Trastuzumab produced in N. benthamiana plants using PlanForm’s vivoXPRESS® platform technology, without fucose and with or without galactose, has equivalent ADCC activity to commercial Herceptin®. It is possible that trastuzumab produced without fucose could have better ADCC activity than commercial Herceptin®, as suggested in published literature showing that α1,6-fucosylation has a negative effect on this immunological function [5]. Post-translational modification of glycoprotein drugs is complicated, as exemplified by commercial Herceptin® (Table 1). This highly effective anti-cancer drug possesses different glycomodifications compared to those on human serum IgGs, most notably having 20% more GnGnF glycans and 20% less AAF glycans. This indicates a degree of flexibility for the glycans of protein-based drugs, which should allow PlantForm to develop processes using its vivoXPRESS® platform to produce trastuzumab products with either biosimilar or biobetter activities than the innovator version of this drug.

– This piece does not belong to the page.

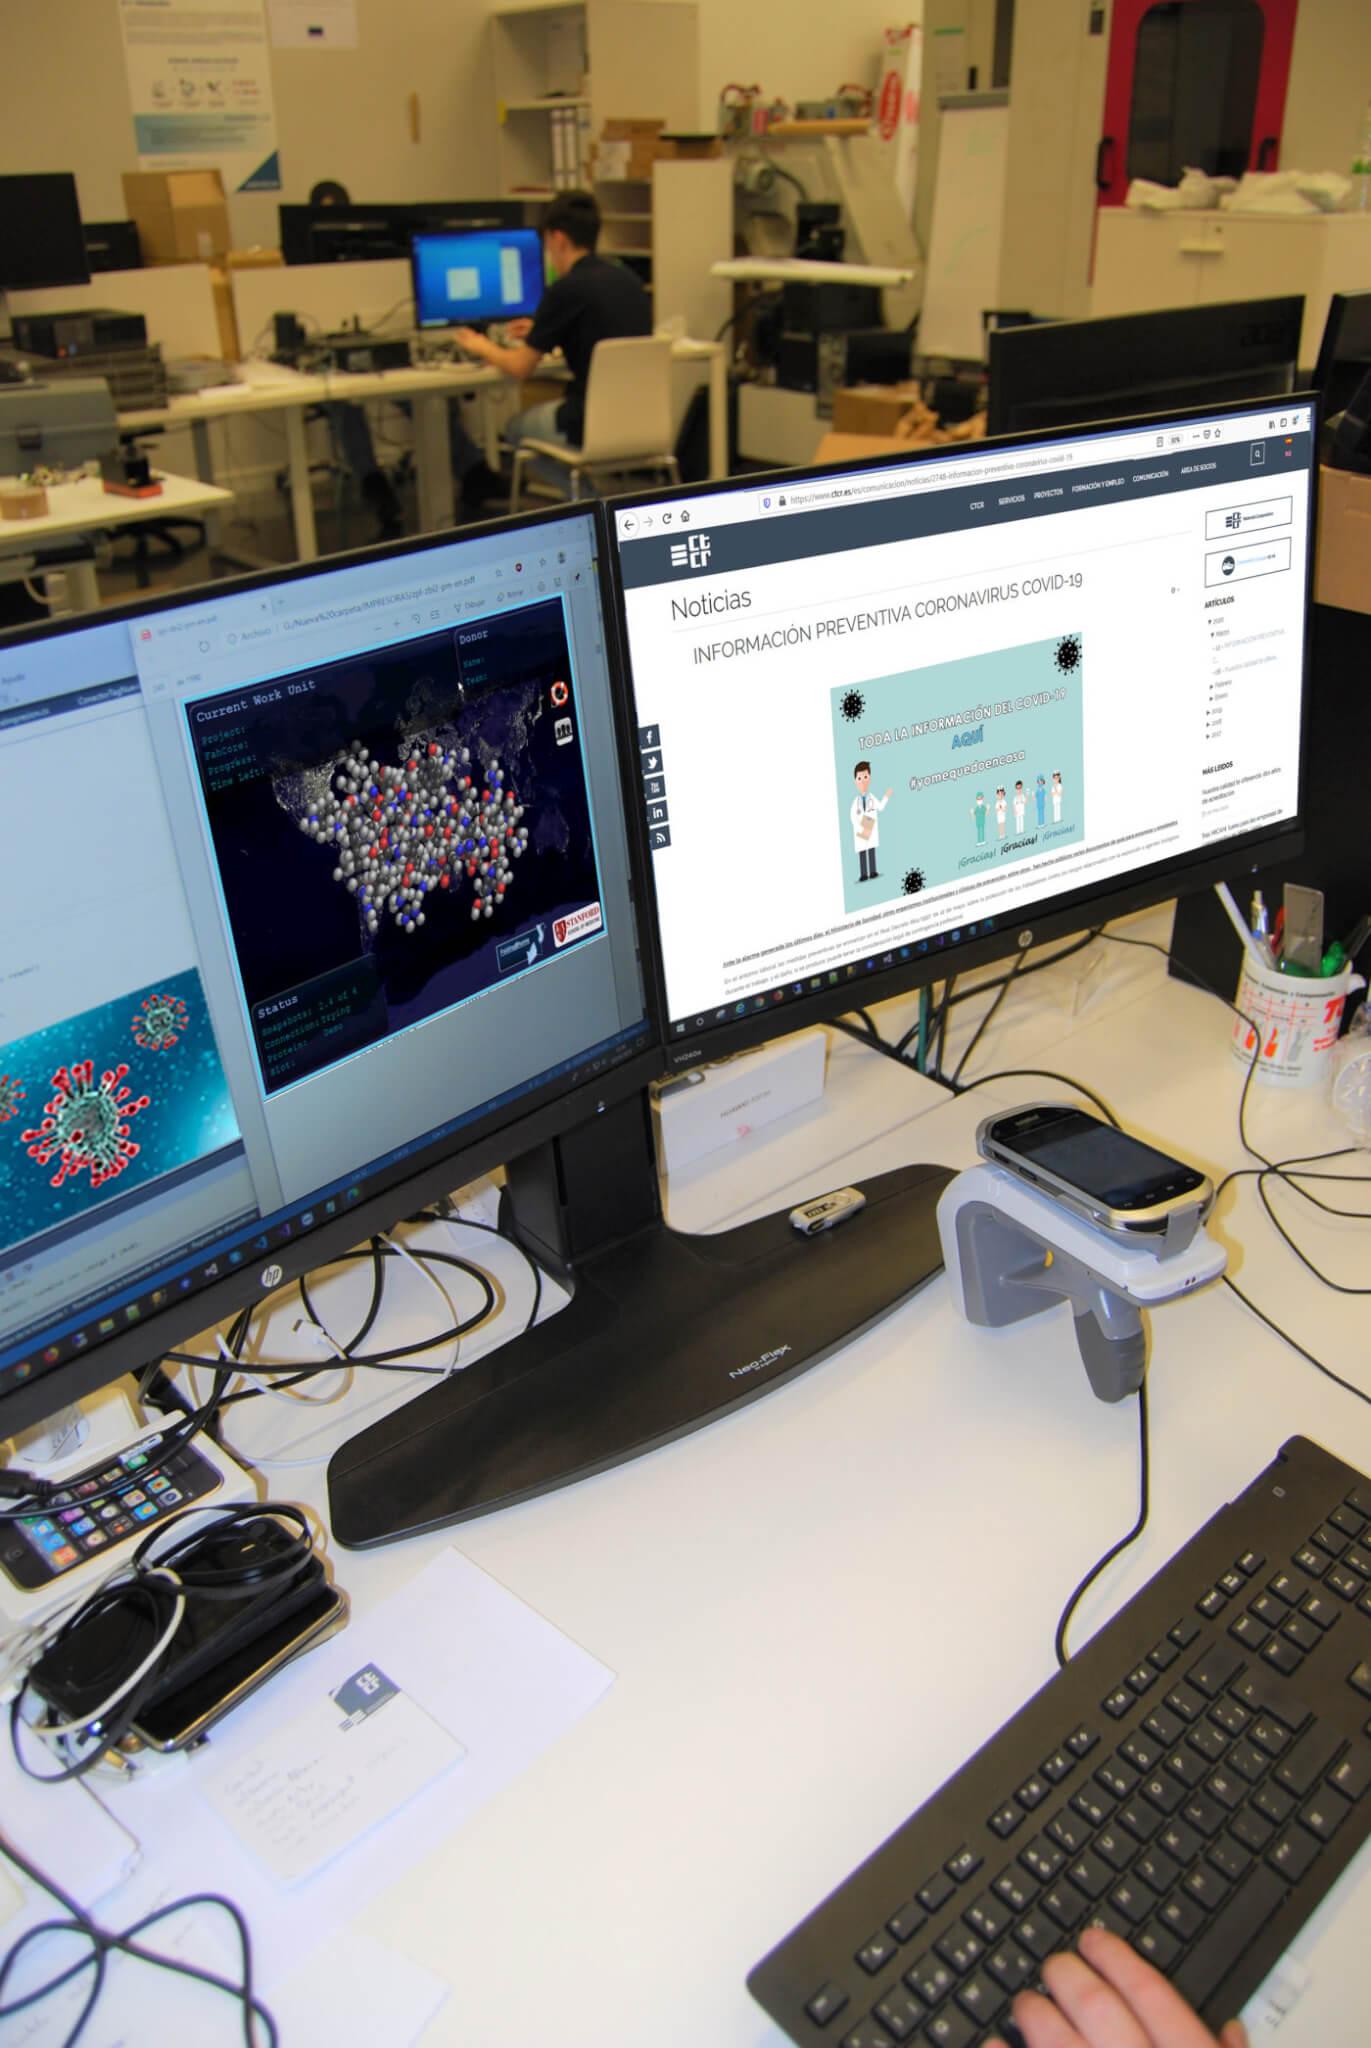 Investigadores del CTCR se unen a la lucha global contra la pandemia del COVID-19

PlantForm science and technical staff performed much of this work. We thank Friedrich Altmann, Clemens Grünwald-Gruber and Herta Steinkellner (University of Natural Resources and Life Sciences, Vienna) for glycosylation analyses. Aragen Bioscience (Morgan Hill, CA) was contracted for ADCC assays. Doug Cossar (PlantForm) reviewed the manuscript.

The author is one of PlantForm Corporation’s original founders and has a financial interest in the company.

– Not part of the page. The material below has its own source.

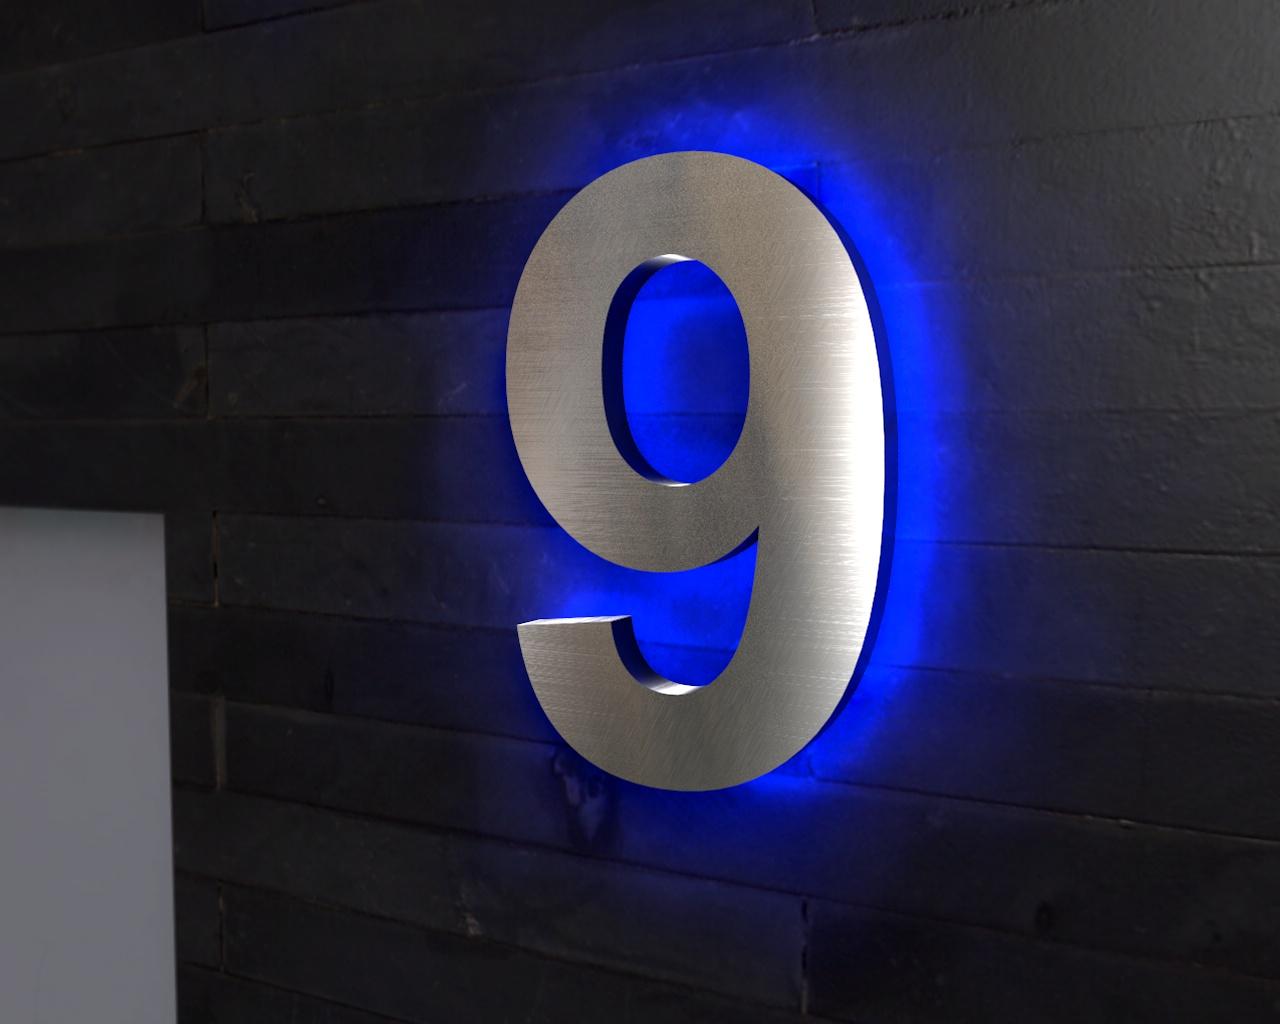 Beleuchtete Hausnummer 9 Ambilight

1. Hiatt A, Cafferkey R, Bowdish K. Production of antibodies in transgenic plants. Nature. 1989; 342: 76-78.

2. Grohs BM, Niu Y, Veldhuis LJ, Trabelsi S, Garabagi F, Hassell JA, et al. Plant-produced trastuzumab inhibits the growth of HER2 positive cancer cells. J Agric Food Chem. 2010; 58: 10056-10063.

3. Garabagi F, Gilbert E, Loos A, McLean MD, Hall JC. Utility of the P19 suppressor of gene-silencing protein for production of therapeutic antibodies in Nicotiana expression hosts. Plant Biotechnol J. 2012; 10: 1118-1128.

4. McLean MD, Almquist KC, Niu Y, Kimmel R, Lai Z, Schreiber JR, et al. A human anti-Pseudomonas aeruginosa serotype O6ad immunoglobulin G1 expressed in transgenic tobacco is capable of recruiting immune system effector function in vitro. Antimicrob Agents Chemother. 2007; 51: 3322-3328.

5. Shields RL, Lai J, Keck R, O’Connell LY, Hong K, Meng YG, et al. Lack of fucose on human IgG1 N-linked oligosaccharide improves binding to human Fcgamma RIII and antibody-dependent cellular toxicity. J Biol Chem. 2002; 277: 26733-26740.